El problema se ve agravado por la reticencia a dar cobertura médica a los pacientes cuyas enfermedades no son fáciles de diagnosticar, afirma Joe Dumit, antropólogo médico de la Universidad de California-Davis. “Hacer que los pacientes demuestren que no solo sufren, sino que padecen una enfermedad documentada, ahorra dinero. Por eso me preocupa el trato que recibirán los enfermos de COVID a medida que aumente su cantidad”. El mejor tratamiento en muchos casos puede ser el reposo o la reducción de la carga de trabajo, “lo que se traduce en algún tipo de cobertura por incapacidad”, dijo.

Pero dado que los conductores de largas distancias suelen enfermar inmediatamente después de haber sufrido una infección vírica comprobable, quizá no se les descalifique, dijo Rowe.

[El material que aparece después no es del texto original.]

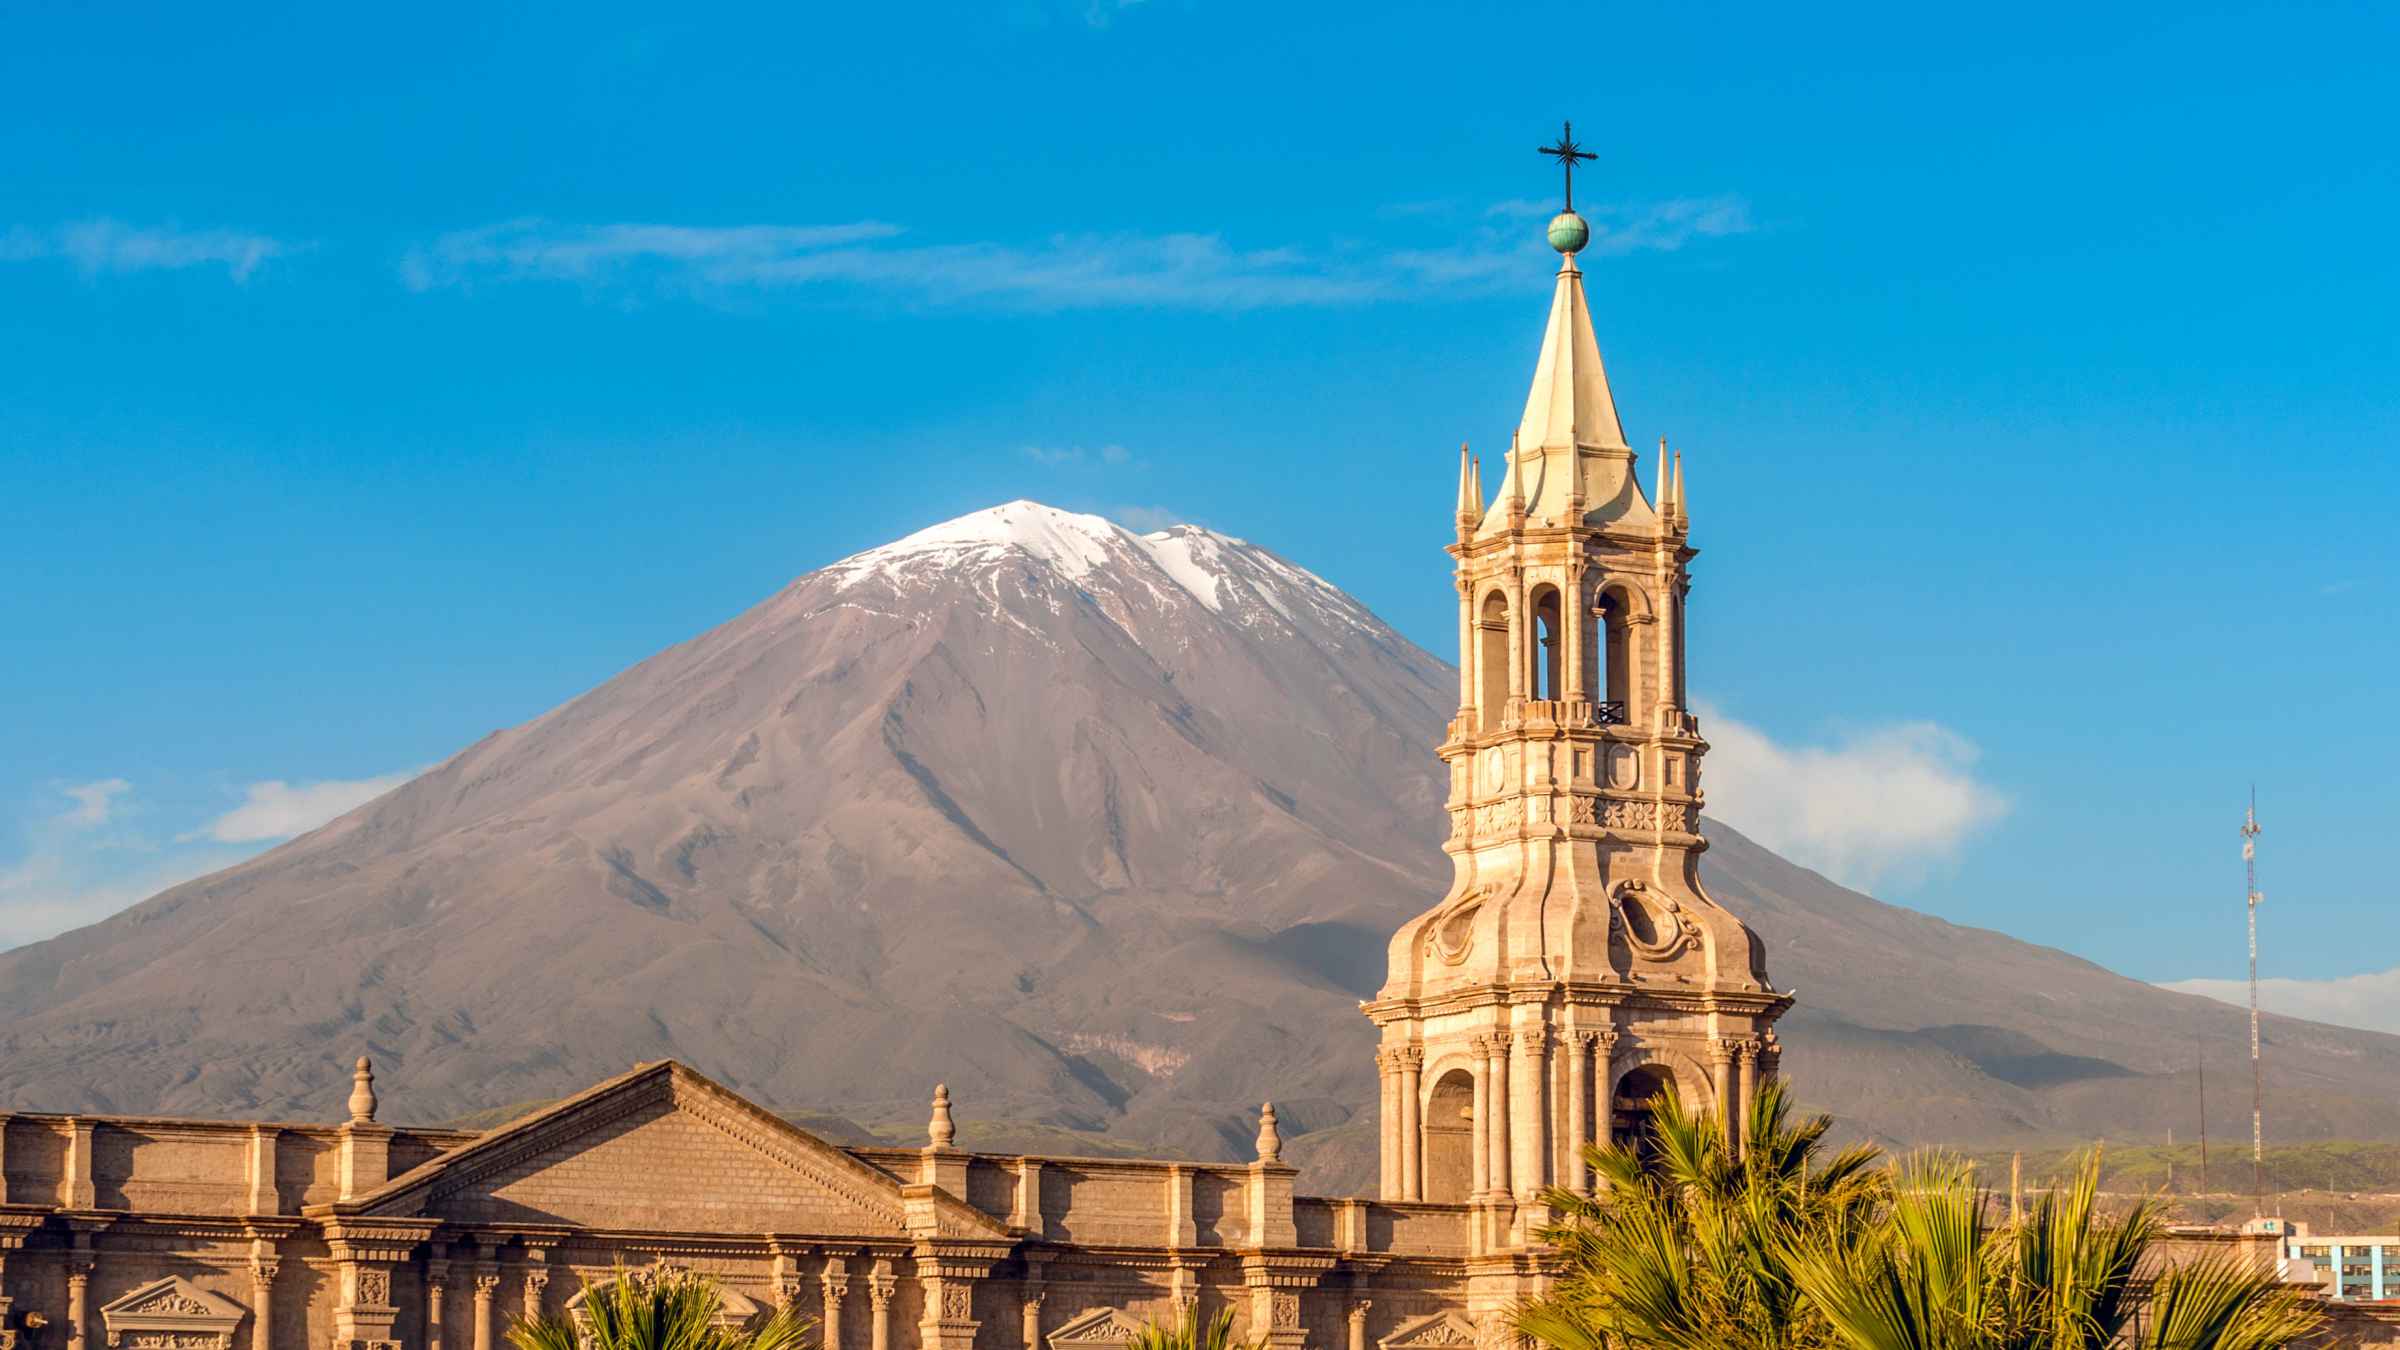 Arequipa Region 2021 Top 10 Tours And Activities With Photos Things

Después de todo, su enfermedad “comienza como una enfermedad ‘real'”.

Los pacientes prolongados también pueden ayudar a los investigadores a comprender mejor el inicio de la enfermedad, ya que están siendo estudiados a medida que surgen sus síntomas, mientras que los pacientes con EM/SFC a menudo no son atendidos hasta que han estado enfermos durante dos o más años, dijo.

“No hay duda de que esto legitima en muchos sentidos la experiencia de las personas con EM/SFC que han sentido que no se les creía”, dijo Jason de DePaul.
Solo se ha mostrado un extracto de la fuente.